>>>

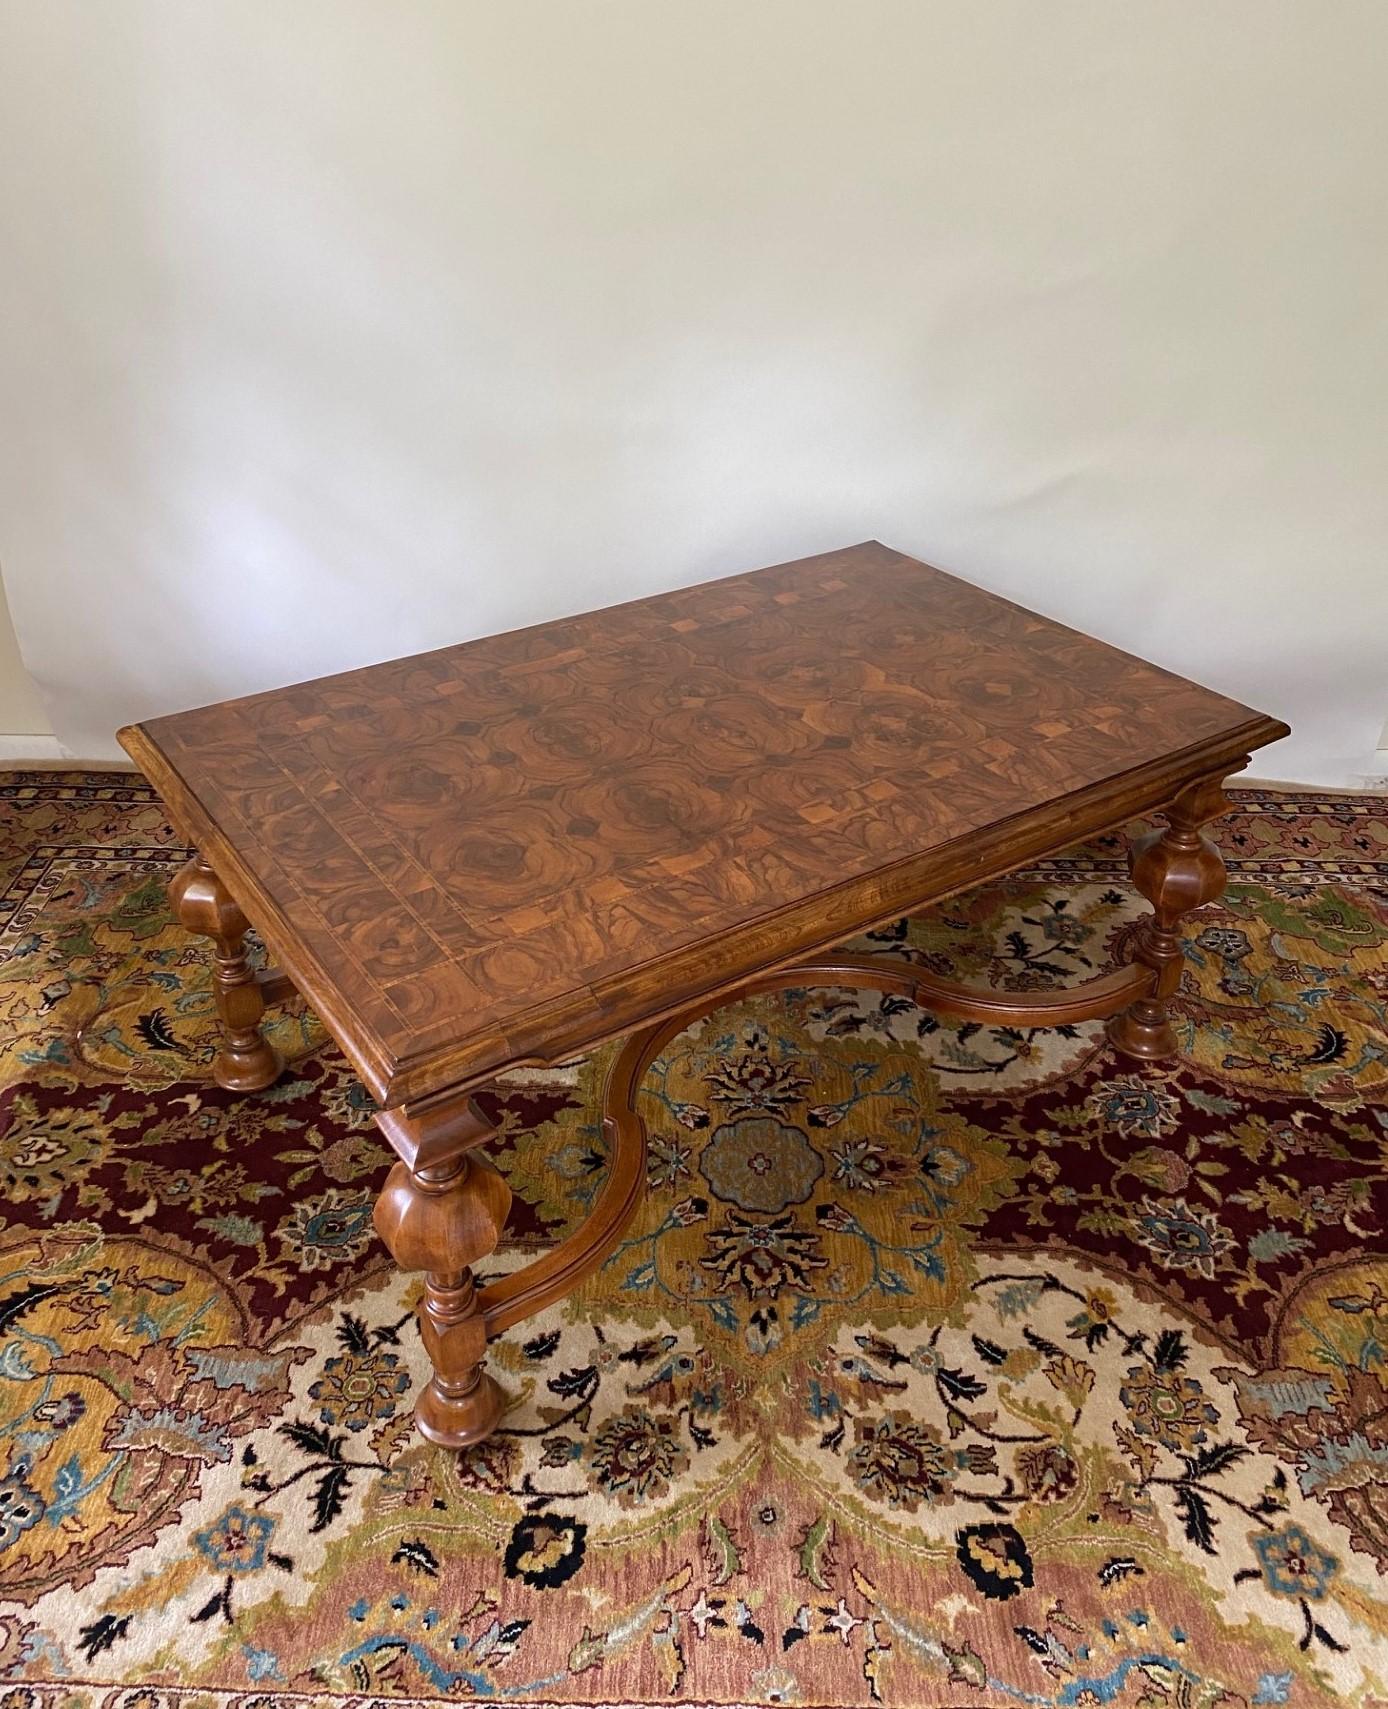 This New William & Mary style English bench-made Walnut rectangular coffee table is a stunning piece of furniture that exudes elegance and craftsmanship. It features a combination of exquisite materials and intricate design elements.

The table's
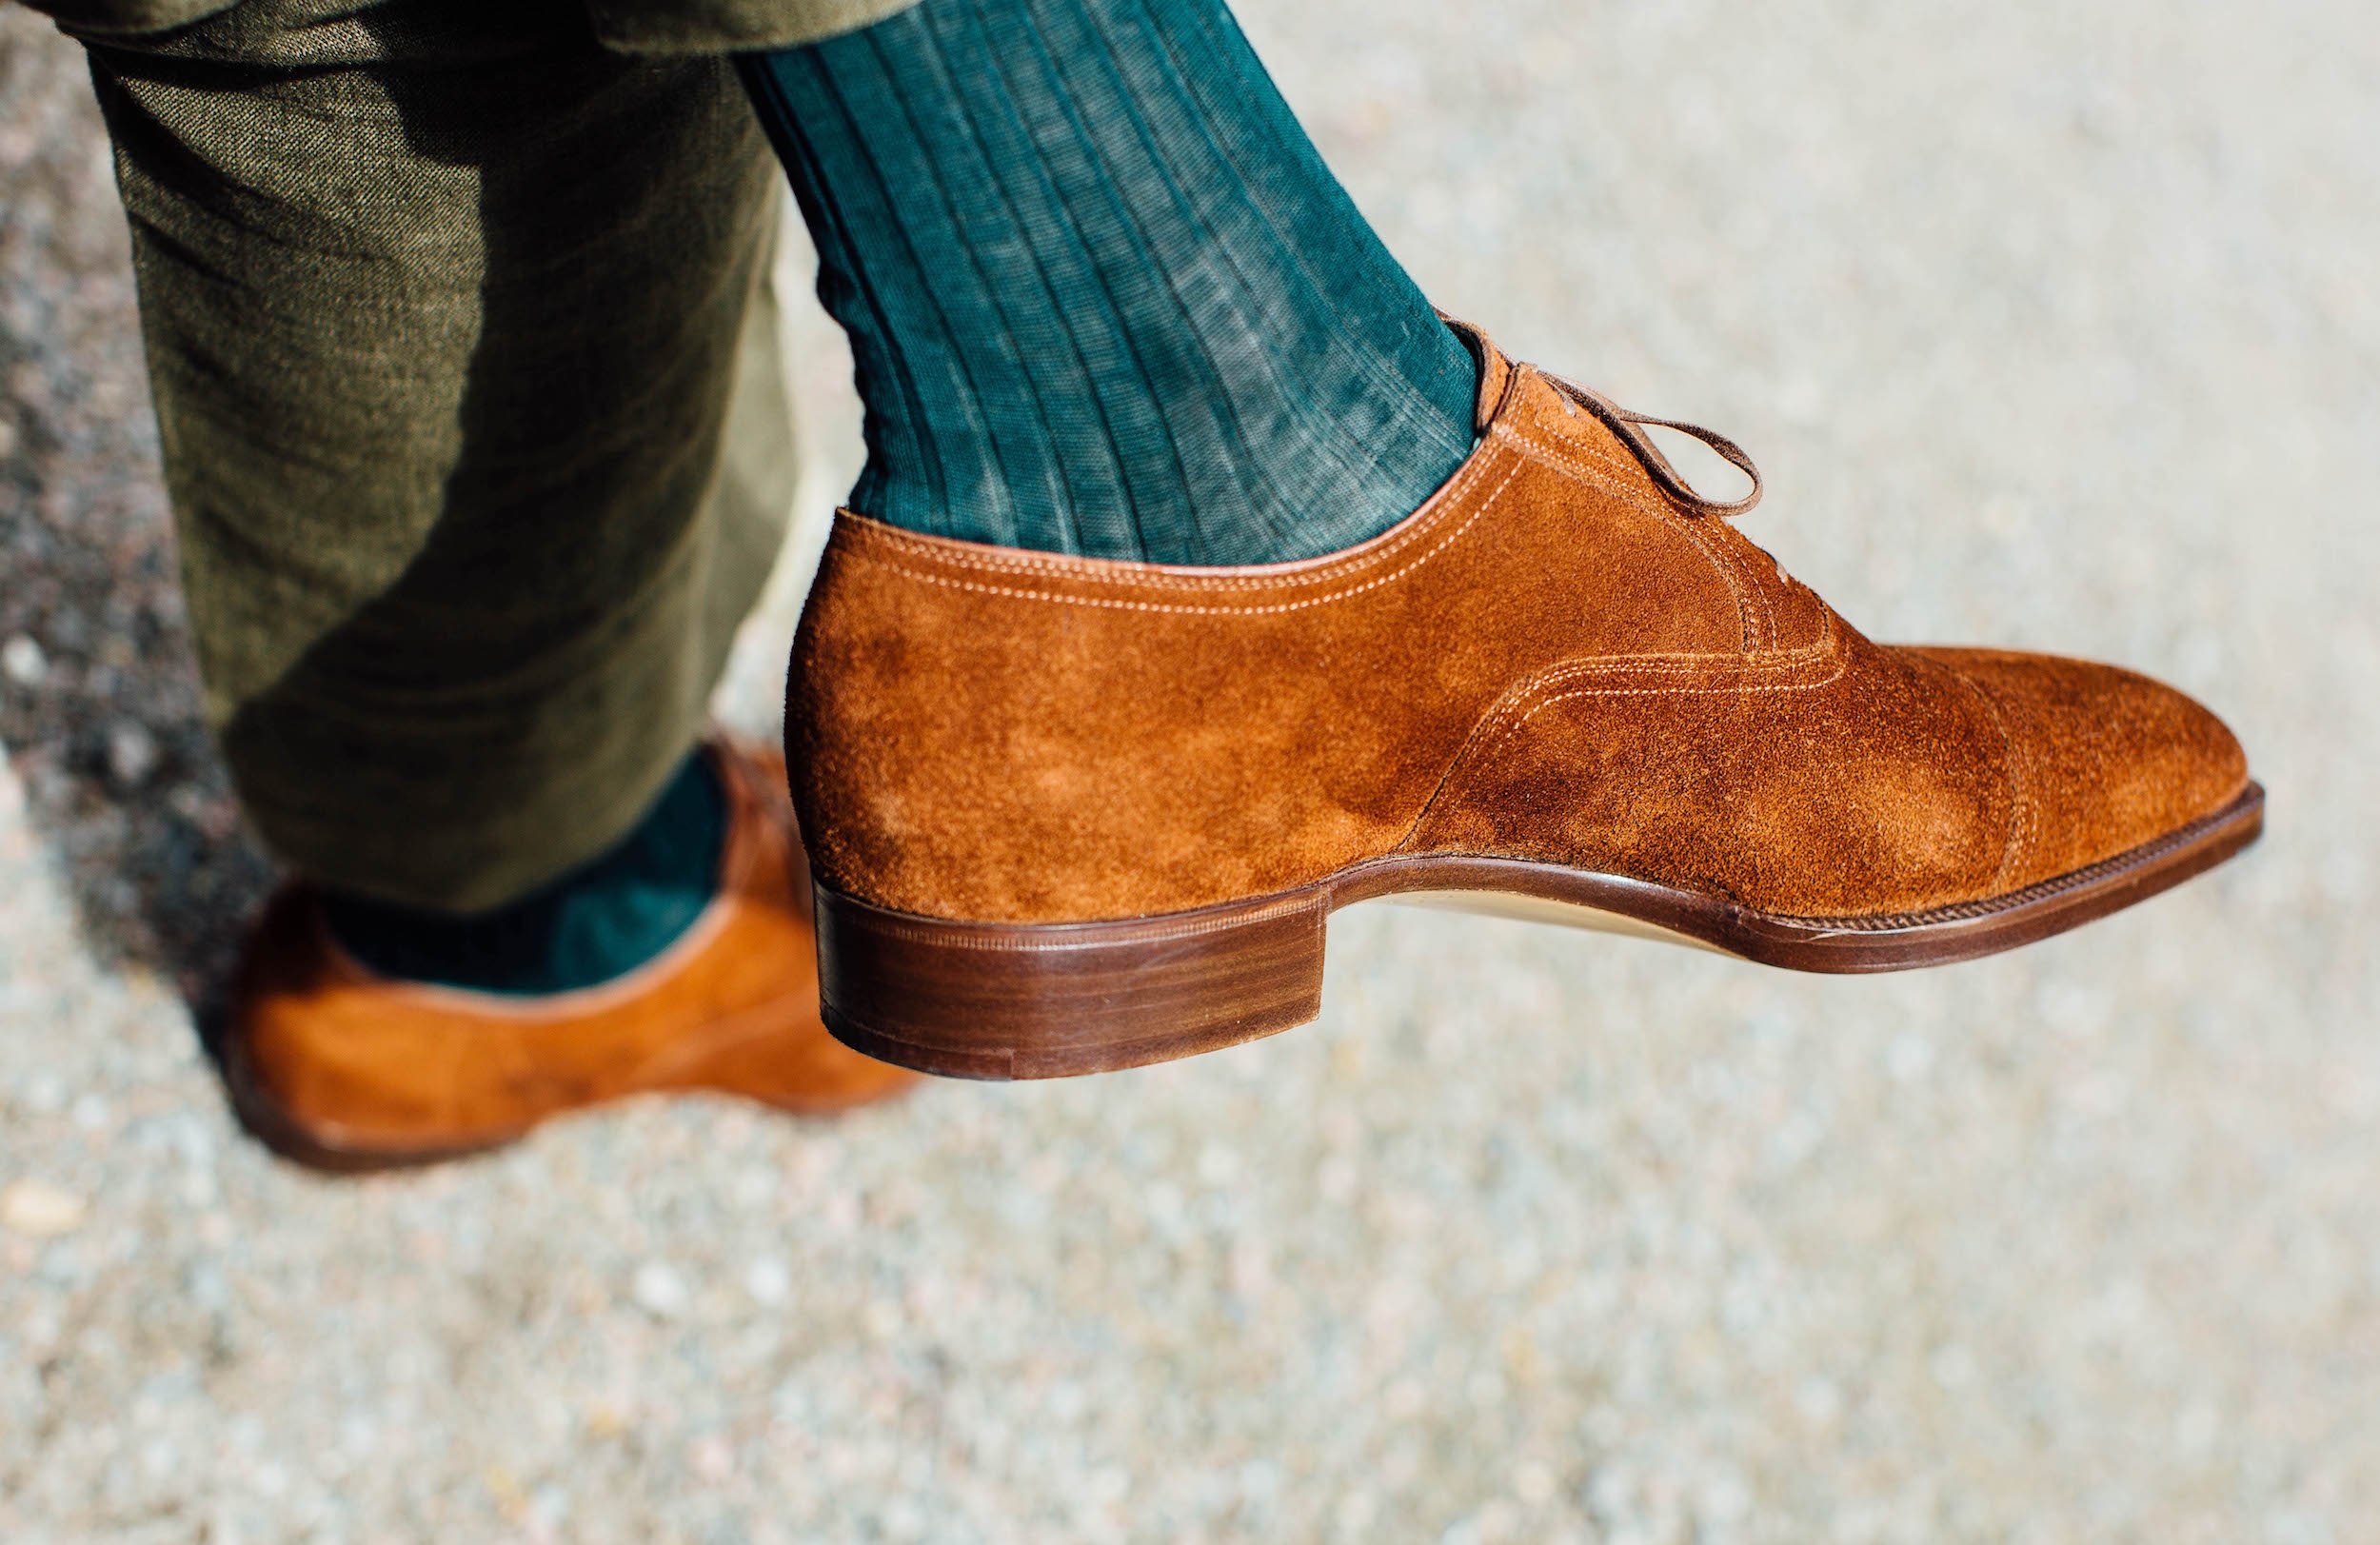 The best fit yet: Stefano Bemer tobacco-suede oxfords – Permanent Style

<<<

**Exercise requirements:** Print the entire listing above verbatim. No picture should be included.

**Written reply:**
 This New William & Mary style English bench-made Walnut rectangular coffee table is a stunning piece of furniture that exudes elegance and craftsmanship. It features a combination of exquisite materials and intricate design elements.

The table's
 The best fit yet: Stefano Bemer tobacco-suede oxfords – Permanent Style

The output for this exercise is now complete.